Oregon lawmakers piecing together affordable housing plan
Published 12:00 am Sunday, February 7, 2016
State lawmakers are close to agreeing on the pieces to an affordable housing puzzle they’d like to solve this session. Now they’ll spending the coming week trying to agree how to put it together.
At the top of the list among Democratic lawmakers: doing away with a ban on what’s known as inclusionary zoning, a tool cities can use to require housing developers to hold rental and sale prices to rates deemed affordable to low- and middle-income Oregonians.
The ban has been in place since 1999, when homebuilders went through the Legislature to bar the practice. Oregon and Texas remain the only states with such a ban, and a coalition of cities, housing advocates and Democratic lawmakers are determined to wipe it off the books during the remaining four weeks of the legislative session.
Lawmakers are determined to enact sweeping new laws that protect renters from speedy hikes in monthly rent and no-cause evictions, inject tens of millions more in state-owned affordable housing and end the ban on inclusionary zoning.
If legislators can agree on the details and pass a bill, it will be up to local governments throughout Oregon to choose whether they want to pass ordinances that require a portion of developments to be sold at below-market prices.
“The inclusionary zoning discussion is important. It’s really a local control issue, frankly,” said Tom Kemper, executive director of Housing Works in Redmond, the region’s housing authority.
In Bend, a 4-3 majority of the City Council voted Wednesday to support legislative efforts to remove the ban on inclusionary zoning, though it’s not clear the council would use such a policy if it became available.
Councilor Nathan Boddie, one of the more vocal advocates for lifting the ban, described inclusionary zoning “as just one more tool we could consider using.”
“It doesn’t mean we would or we should do it, it just means there would no longer be a prohibition on it at the state level, which just doesn’t make a lot of sense,” he said. “I think it could be useful, but not in every single case, but it’s something where we could work with a developer to see where it might be applied. It seems it could make particular sense in areas of the city where the (urban growth boundary) is expanding.”

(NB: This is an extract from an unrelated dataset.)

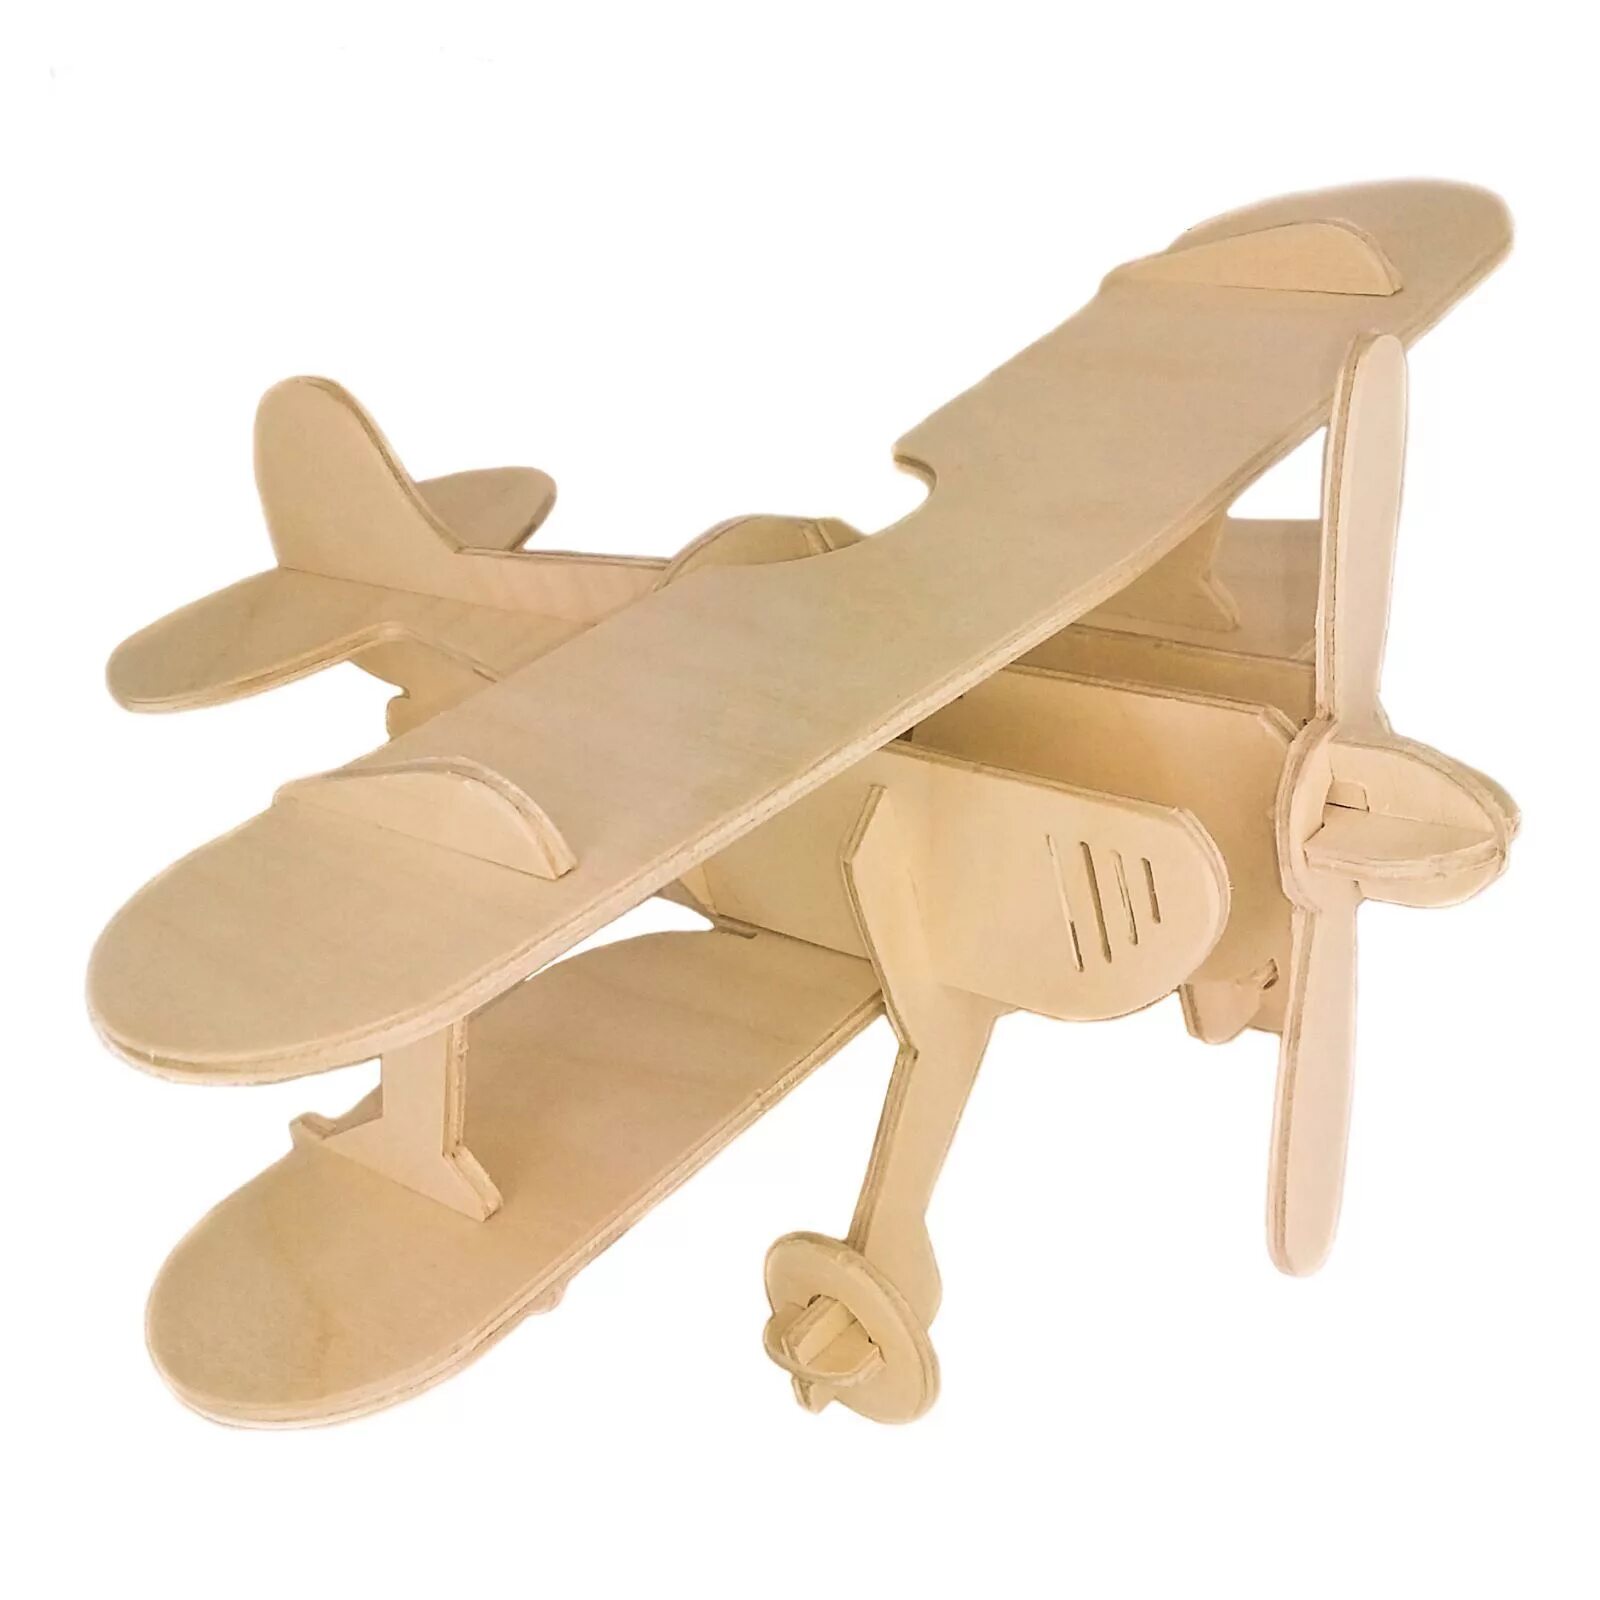 Конструктор модель самолета. Альтаир деревянный конструктор. Деревянный конструктор самолет. Сборная деревянная модель самолет. Модель самолёта из фанеры.

Boddie characterized opposition to the lifting of the ban as “a knee-jerk reaction” motivated by “special interest and greed.”
“The very people who generally complain about land use laws are the ones who want the state involved on this issue,” he said, referencing criticism by developers directed toward state rules intended to limit sprawl and encourage density.
Councilor Victor Chudowsky, who along with Councilors Doug Knight and Casey Roats oppose lifting the ban, said he is hesitant to support the policy because of its potential effect on housing prices.
When the topic first came up, Chudowsky said he looked for peer-reviewed academic studies on the policy, which left him suspicious of the policy’s impact on housing markets.
“The articles I found showed there are two bad side effects to inclusionary zoning,” Chudowsky said. “One is that it had the effect of slightly decreasing the overall supply of homes. The second one was there was an overall uptick in prices of homes for people who did not qualify for subsidized housing.
“I can’t say I’m dead set against it, but that’s what I found,” Chudowsky said.
Chudowsky emphasized his opposition is not driven by a desire to protect the bottom line of developers, saying, “Those guys are smart, they will find a way to make money one way or another.”
“The issue for me is: What effect does this have on the overall housing stock and prices?” he added. “When we talk about this, I hope we can have a conversation that’s based on real facts and not just what somebody thinks may work. It very well may have positive impacts for someone who is able to find subsidized housing, but what are the costs to everyone else?”
Some developers are concerned that if 30 percent of a new development must be kept at below-market rates, as state lawmakers are considering, the cost would be passed on to the other 70 percent of the development.
If state lawmakers lift the ban, the law probably would require cities that enact inclusionary zoning policies to offer incentives to developers to make up some of the cost lost from holding a portion of a development’s prices down.
As part of the effort to help spur more affordable housing, the state is also considering ways to give builders more time to pay system development charges, fees for water, sewer, streets and parks, rather than requiring the fees upfront.
“For multi-family in the city of Bend … it’s a lot of money,” Housing Work’s Kemper said of SDC fees, which are assessed on single- and multi-family houses and cost developers several thousand dollars.
As part of the Bend City Council’s support for lifting the ban, the body also backed imposing rules that would exempt small developments from the policy and limit the amount of a development that could be set aside as affordable.
Erik Kancler, Bend’s lobbyist in Salem, characterized the city’s stance as supporting ending the ban, “but only if accompanied by sidebars that guard against unintended consequences while maintaining sufficient local flexibility.”